Coinbase CEO Brian Armstrong has hinted that the exchange may delist Tether’s USDT stablecoin if upcoming U.S. legislation enforces stricter compliance measures. Speaking to The Wall Street Journal, Armstrong noted that future regulations could require stablecoins to be backed solely by U.S. Treasury bonds and undergo frequent audits.
Although Tether already holds a significant portion of reserves in Treasury bonds, it also diversifies with Bitcoin and gold, which could conflict with potential new laws.
The European Union’s MiCA framework has already placed heavy restrictions on stablecoin issuers, and a similar approach in the U.S. could severely impact Tether’s operations. Armstrong highlighted that two Senate bills targeting stablecoin regulations have been introduced, raising concerns for non-U.S. entities.
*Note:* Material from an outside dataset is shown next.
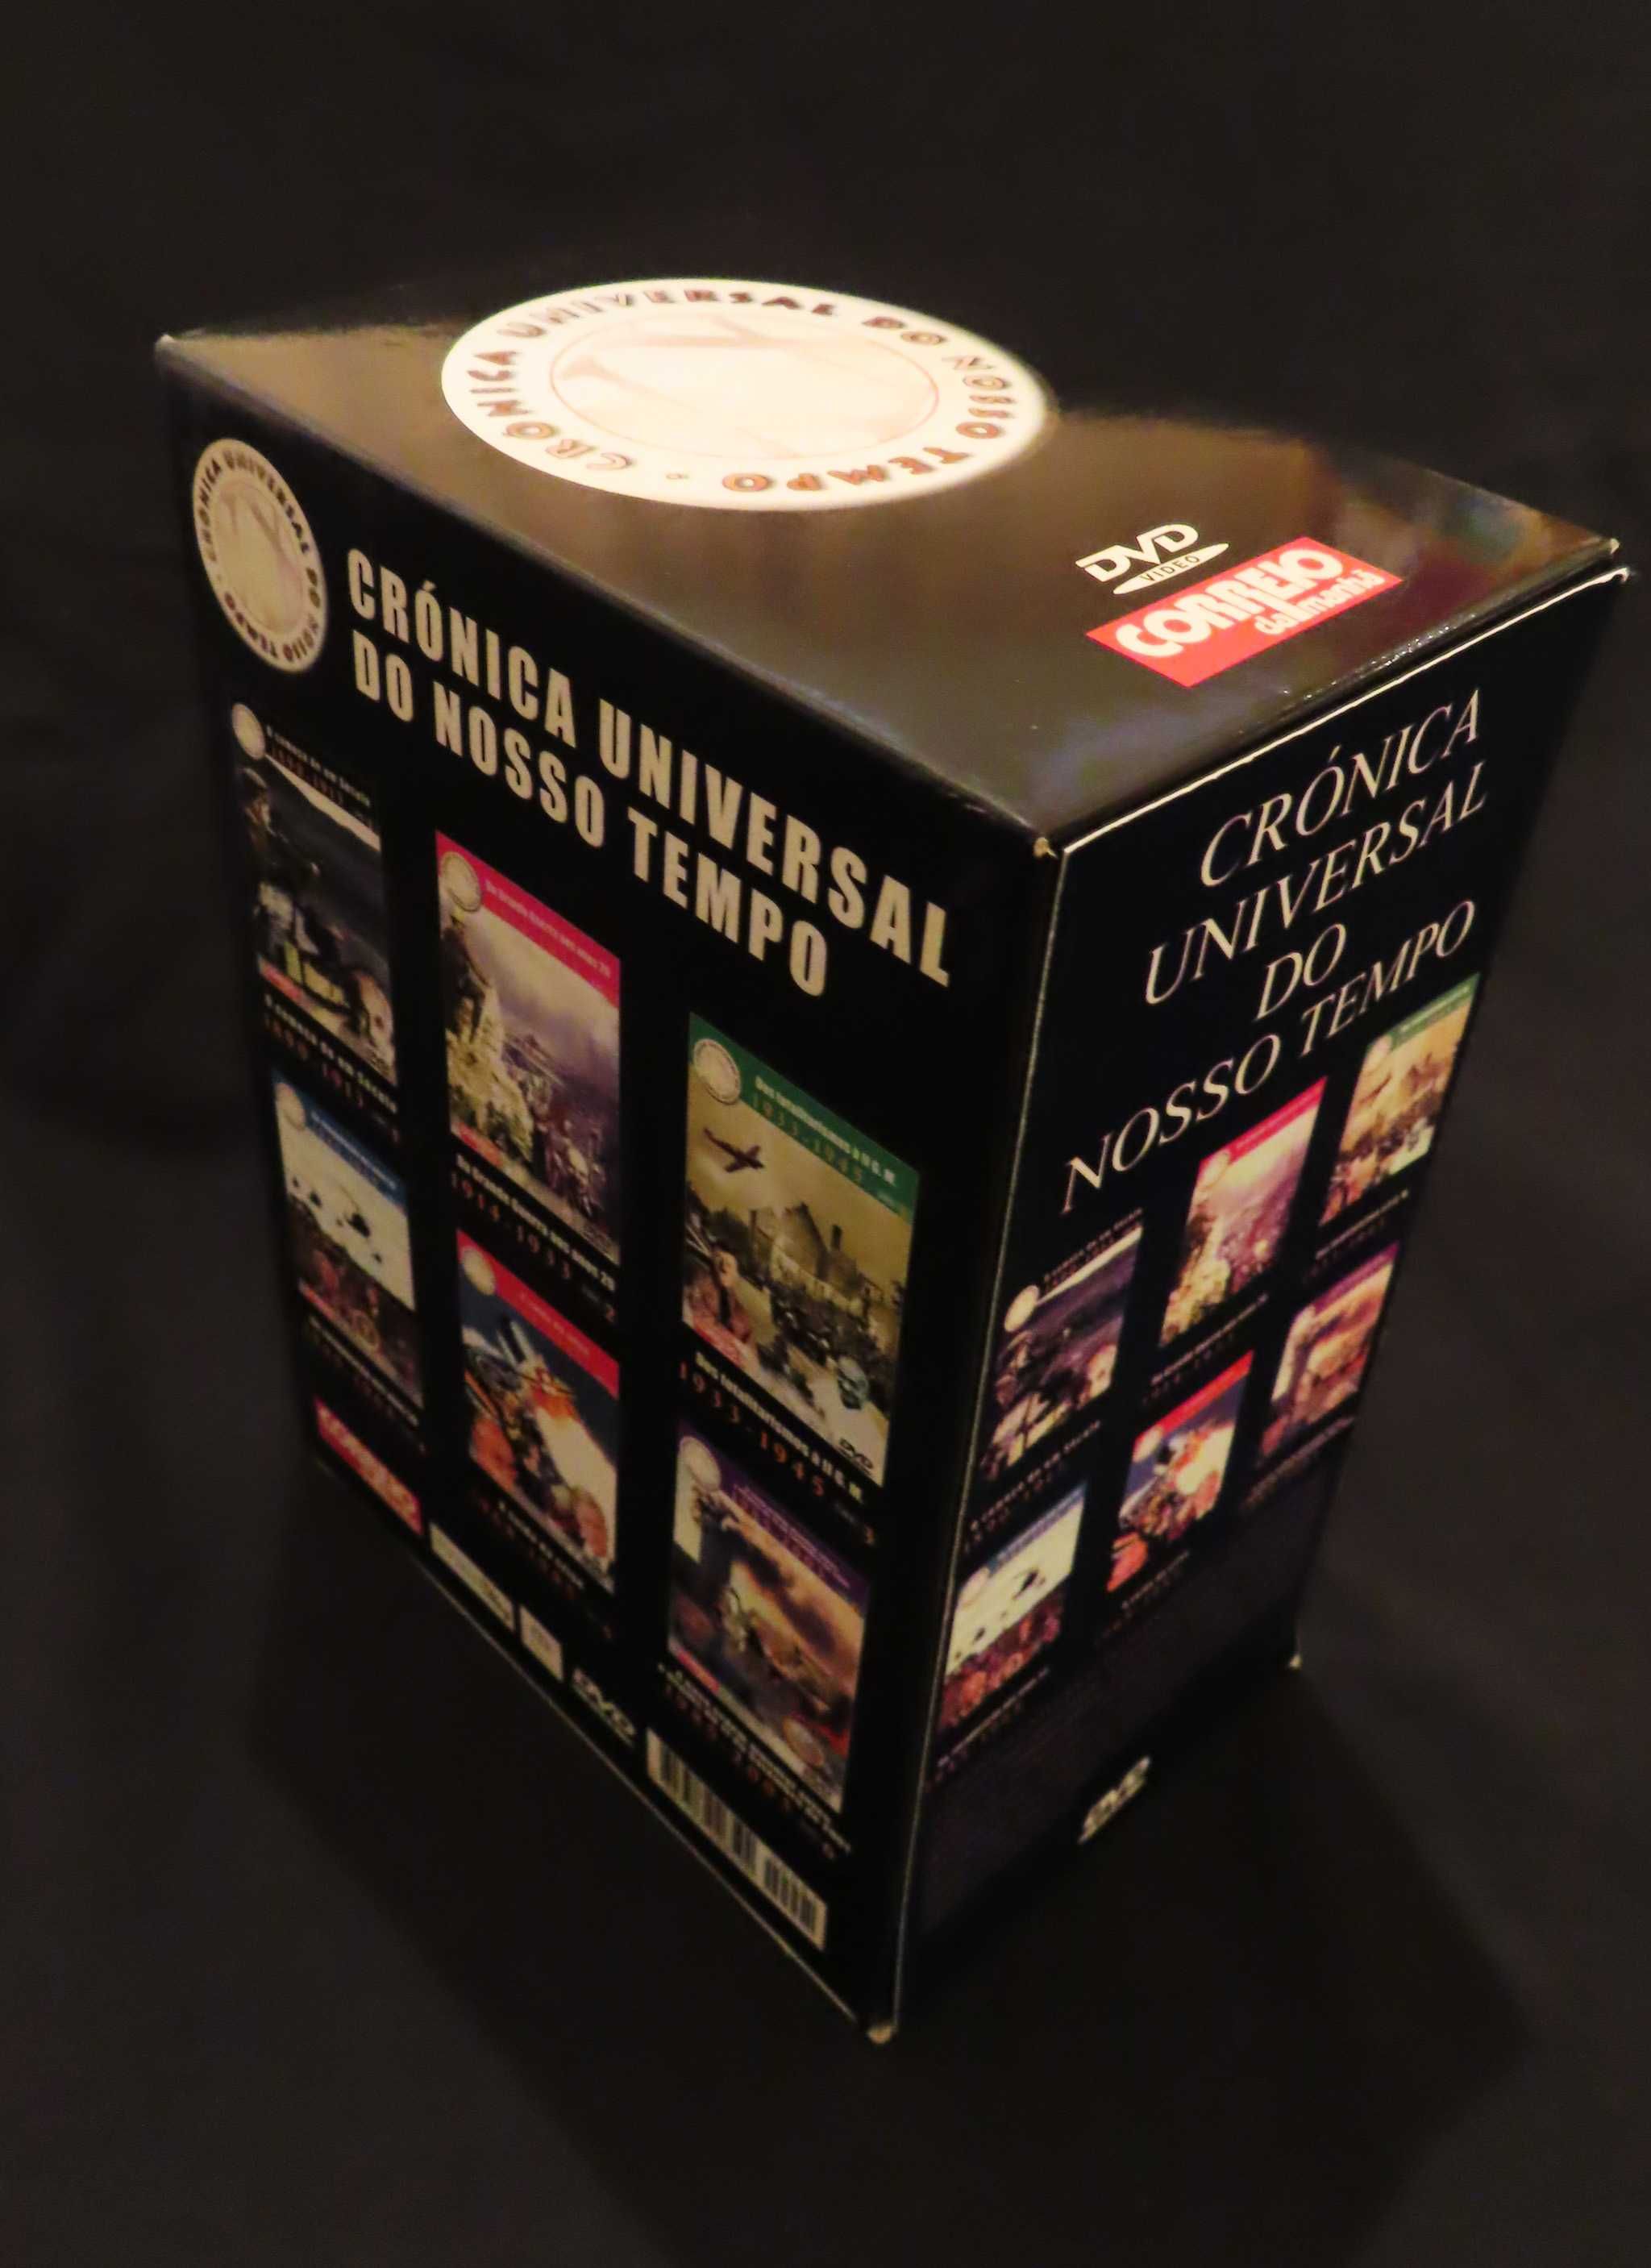 Coleção 6 DVD's - Crónica Universal do Nosso Tempo

Meanwhile, Coinbase’s strategic partnership with Circle positions USDC as a strong competitor to USDT, potentially benefiting from tighter regulations.
With Tether facing regulatory challenges, the market may shift in favor of Ripple’s RLUSD and Circle’s USDC. Reports suggest Trump recently held a closed-door meeting with Ripple, fueling speculation that RLUSD could gain a stronghold in the $200 billion stablecoin market.
If new policies weaken USDT’s dominance, RLUSD and USDC may emerge as top contenders in the evolving stablecoin landscape.